Recorded data:
=====

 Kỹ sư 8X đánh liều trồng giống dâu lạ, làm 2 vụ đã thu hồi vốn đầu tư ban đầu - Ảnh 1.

=====

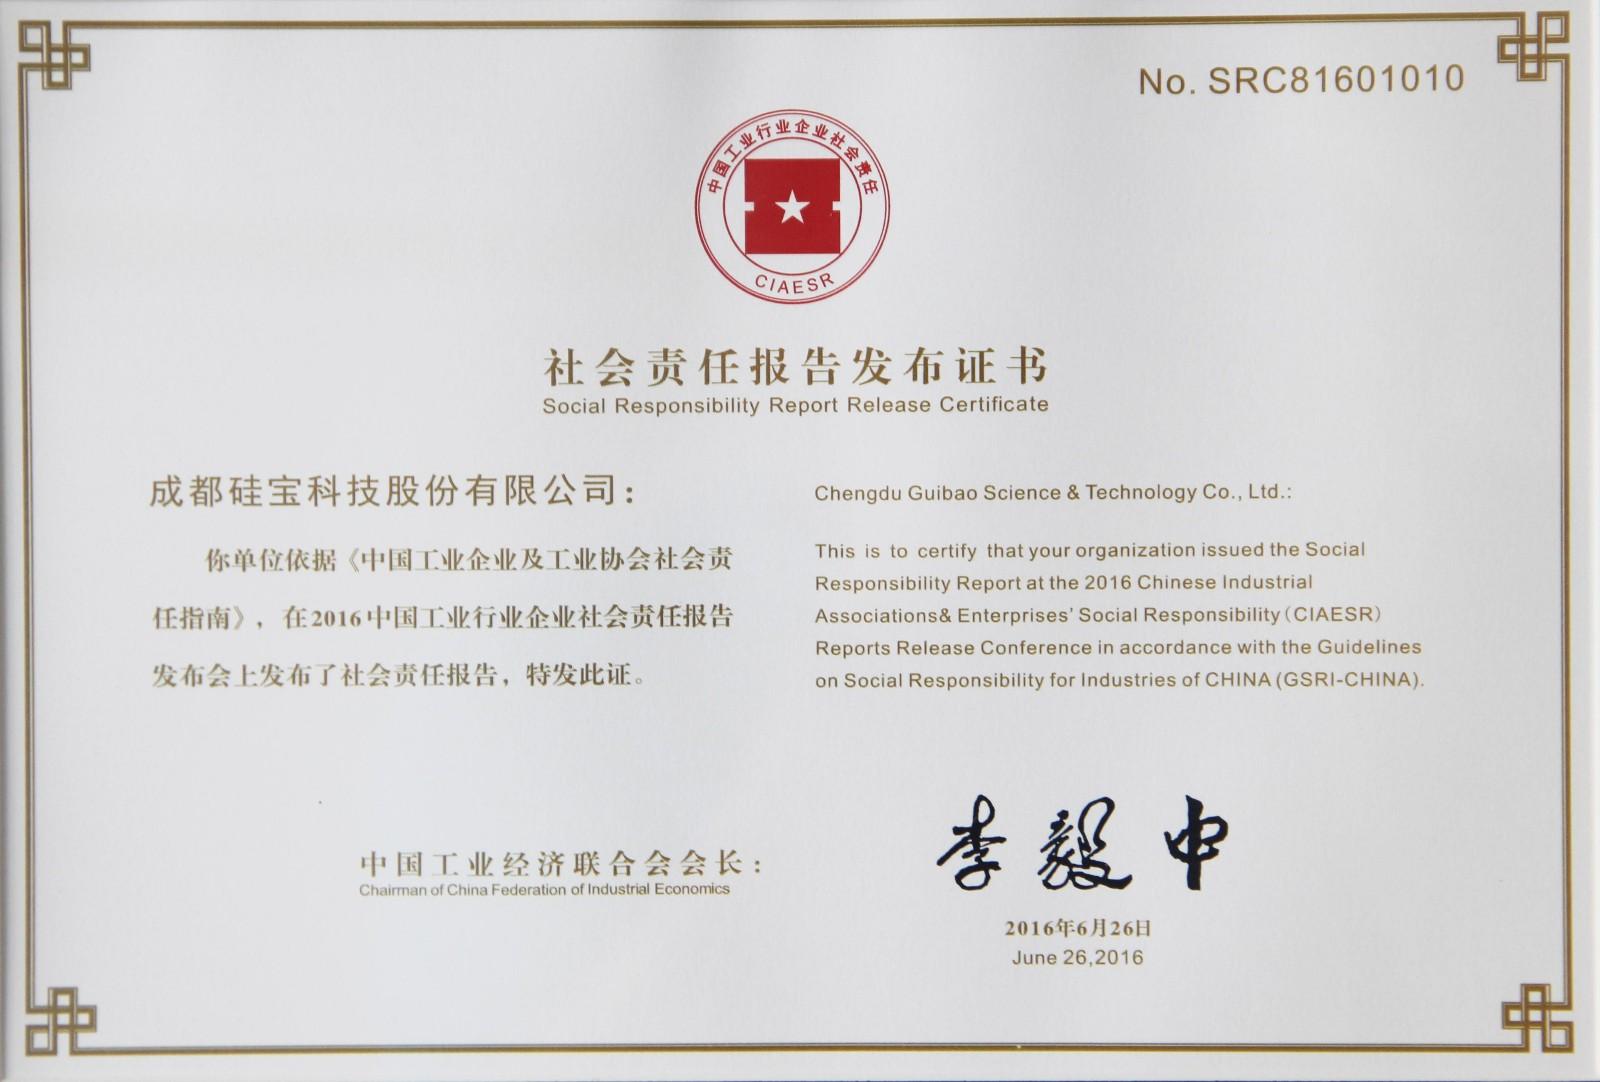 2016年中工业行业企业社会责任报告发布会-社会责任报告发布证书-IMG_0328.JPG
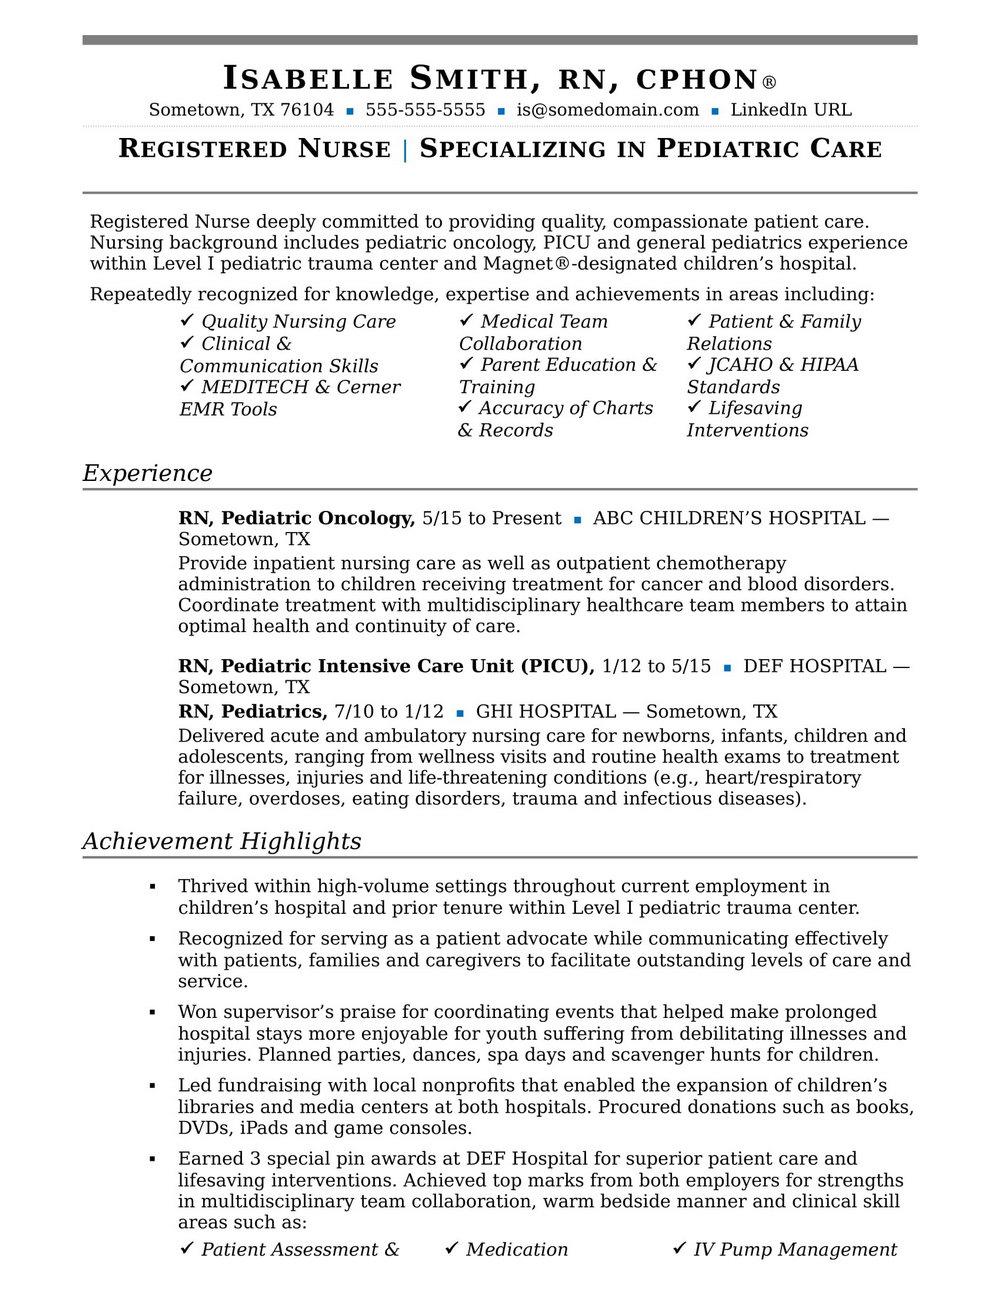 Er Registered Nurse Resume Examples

=====

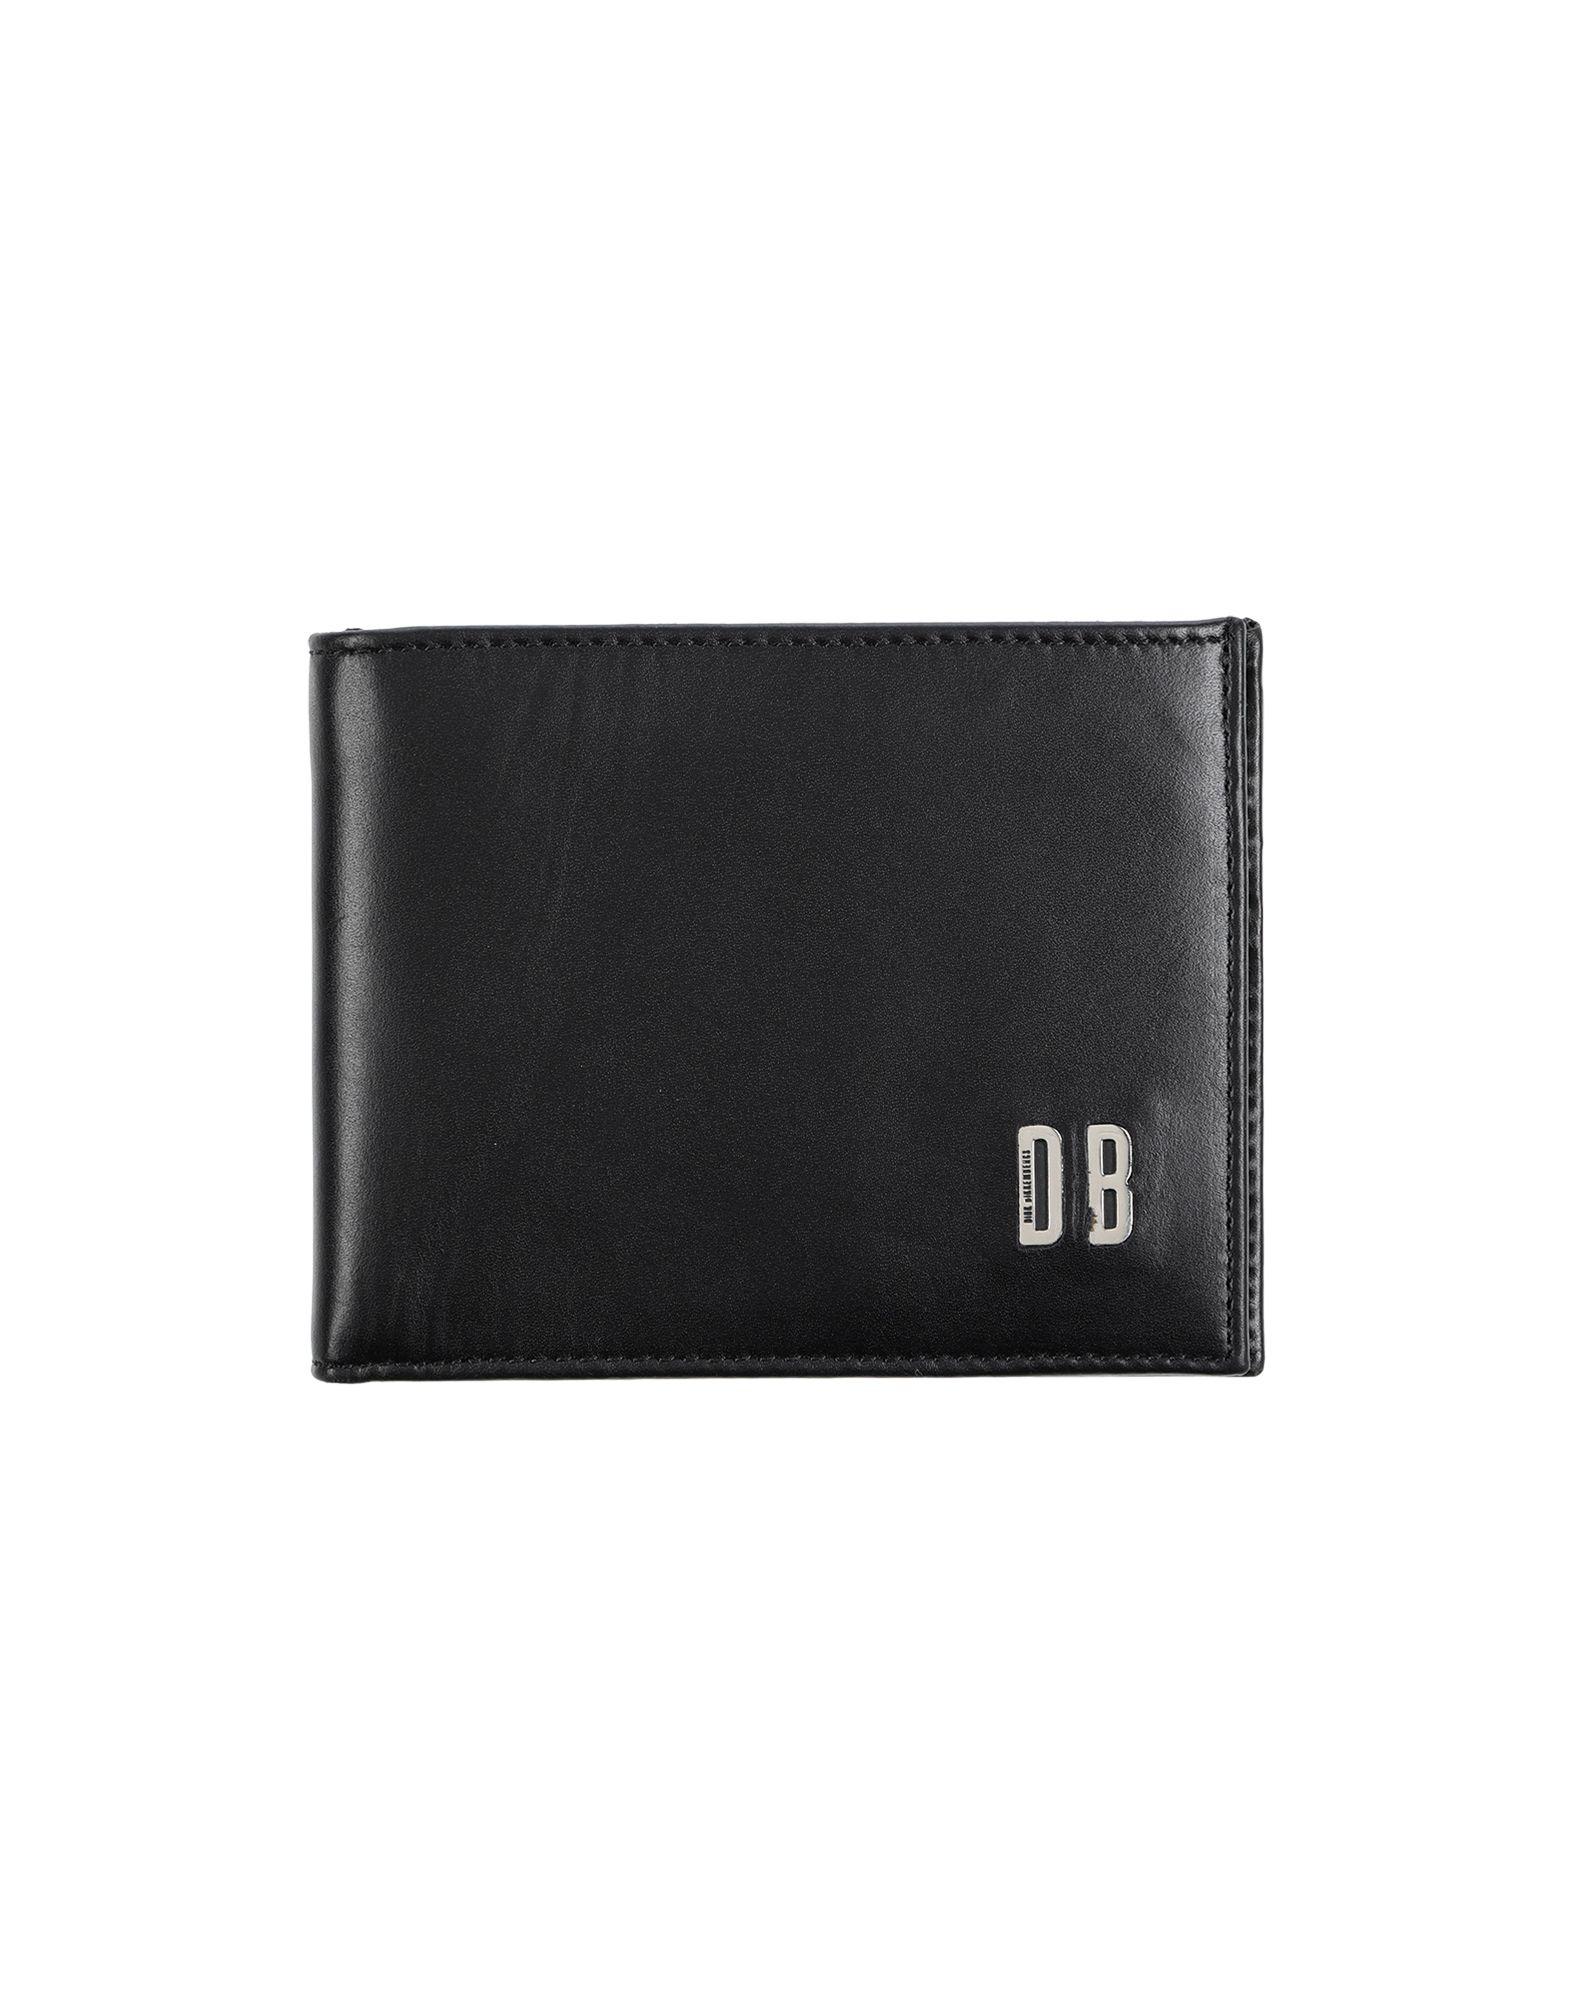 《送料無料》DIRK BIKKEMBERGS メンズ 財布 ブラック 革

=====

Assignment: Quote the lines above exactly, starting with the one that has "2016年中工业行业企业社会" and ending with the one that has "Er Registered Nurse Resume Examples"; drop the pictures and include nothing else.

Exercise solution:
 2016年中工业行业企业社会责任报告发布会-社会责任报告发布证书-IMG_0328.JPG
 Er Registered Nurse Resume Examples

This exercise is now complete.